In this respect, it will be appreciated that the local storage associated with the graphics processing pipeline (processing (shader stage) circuit(s)) may comprise any suitable and desired storage. Further, this storage may be arranged and configured in any suitable and desired manner. For example, in embodiments, each pipeline stage is associated with a respective, portion of the overall local storage associated with the graphics processing pipeline (processing (shader stage) circuit(s)) which respective portions can be (and are) used to store the relevant portions of the pipeline configuration information for that pipeline stage (and are in an embodiment used only to store the portions of the pipeline configuration information that are relevant for that pipeline stage). The local storage associated with the processing pipeline (processing (shader stage) circuit(s)) may thus further comprise additional ‘global’ pipeline storage that can store the pipeline configuration information in full (i.e. all of the pipeline configuration information relating to each of the pipeline stages).

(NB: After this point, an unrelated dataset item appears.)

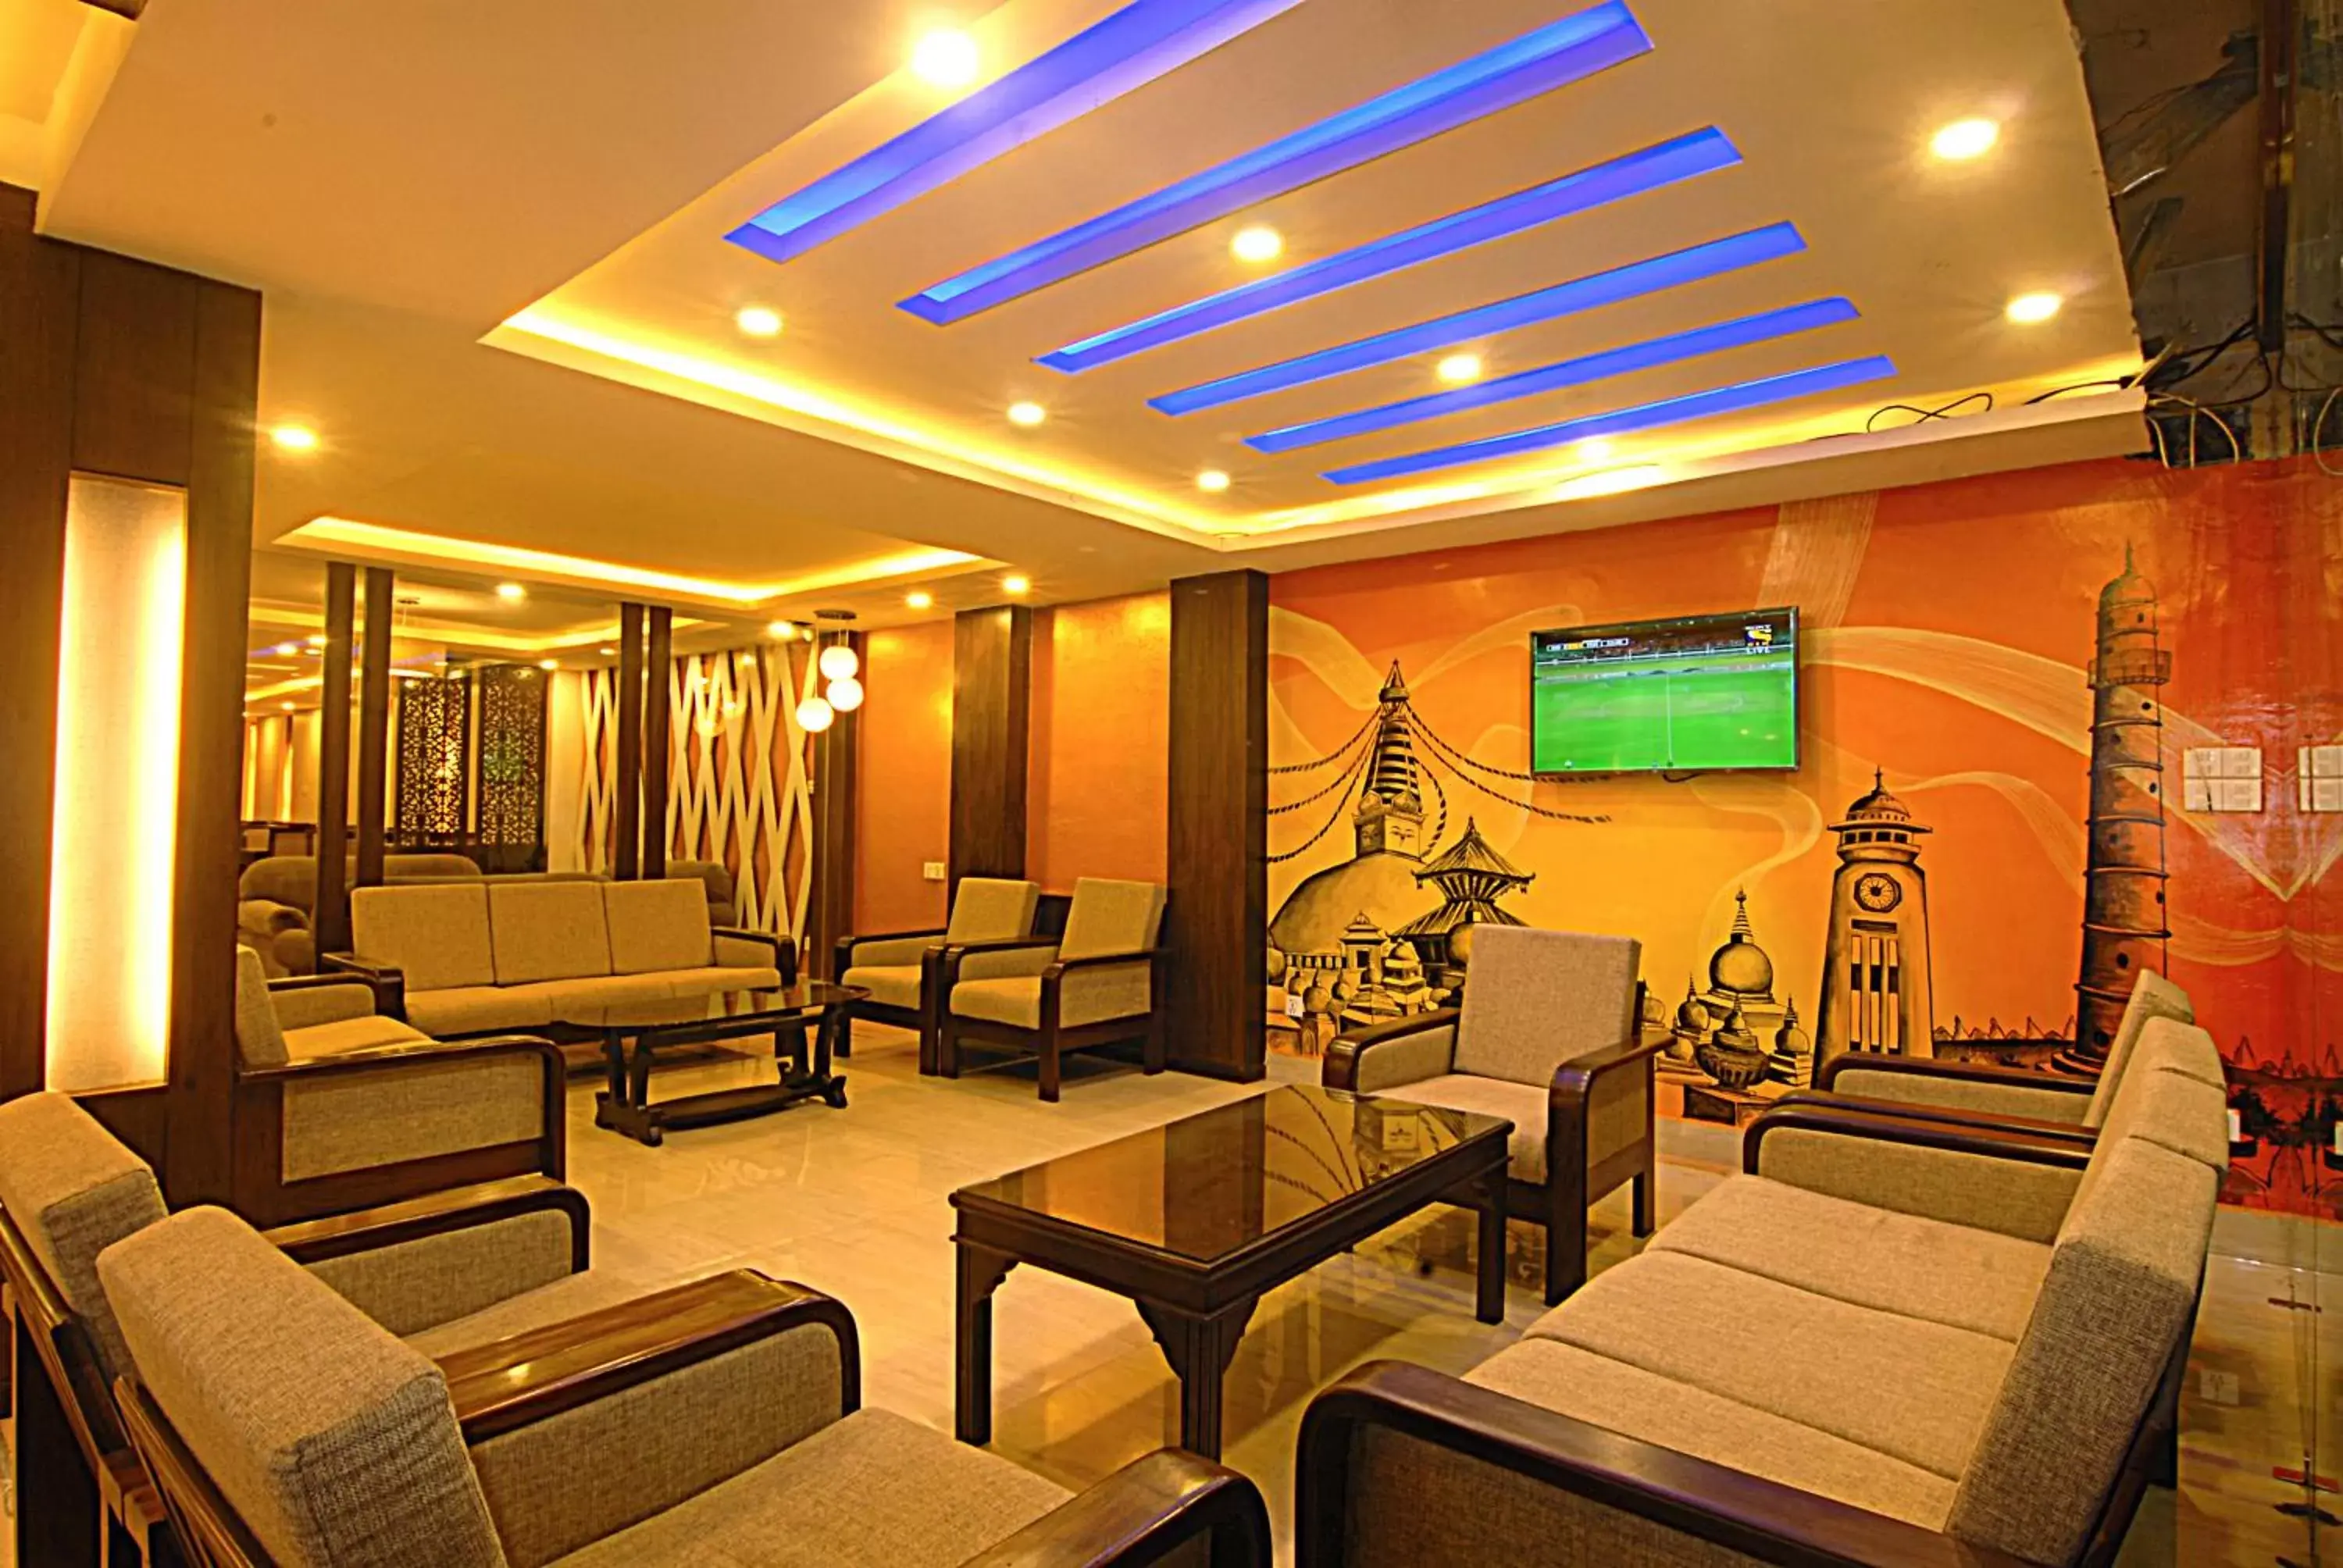 Lobby or reception in Kathmandu Grand Hotel

In an embodiment this storage is dedicated for storing pipeline configuration information (and is, therefore, in an embodiment separate to any storage/memory (pools) that is used to store the actual data packets/elements generated for/by the graphics processing pipeline, for example).

Various arrangements would be possible in this regard.

As will be explained further below, the issuing of processing work to the processing pipeline is in an embodiment controlled by a command processing circuit (job manager/command stream frontend) of the graphics processor. In particular, the command processing circuit (job manager/command stream frontend) is in an embodiment operable to receive higher level commands from a main (e.g. host) processor to request that the graphics processor performs processing work for applications executing on the main processor. The command processing circuit (job manager/command stream frontend) is then operable to schedule or distributing appropriate processing tasks to the processing units of the graphics processor, including the processing pipeline. Thus, when a command relates to processing to be performed for/using the processing pipeline, the command processing circuit (job manager/command stream frontend) in an embodiment identifies this, and passes the command (or information derived therefrom) to a command buffer for the processing pipeline, as appropriate.

Thus, the issuing of processing work to the processing pipeline is in an embodiment triggered by execution from the command buffer for the processing pipeline of a respective set of one or more command(s) within a command set for the graphics processor, which command(s), when executed, trigger one or more instances of processing pipeline execution. In an embodiment there is a single such command that is operable to trigger one or more instances of graphics processing execution (referred to herein as a ‘RUN_PIPELINE’ command).

Such (RUN_PIPELINE) command(s) can thus be (and in an embodiment are) included into a graphics processing command set at appropriate point(s) to trigger one or more instances of processing pipeline execution, as and when required.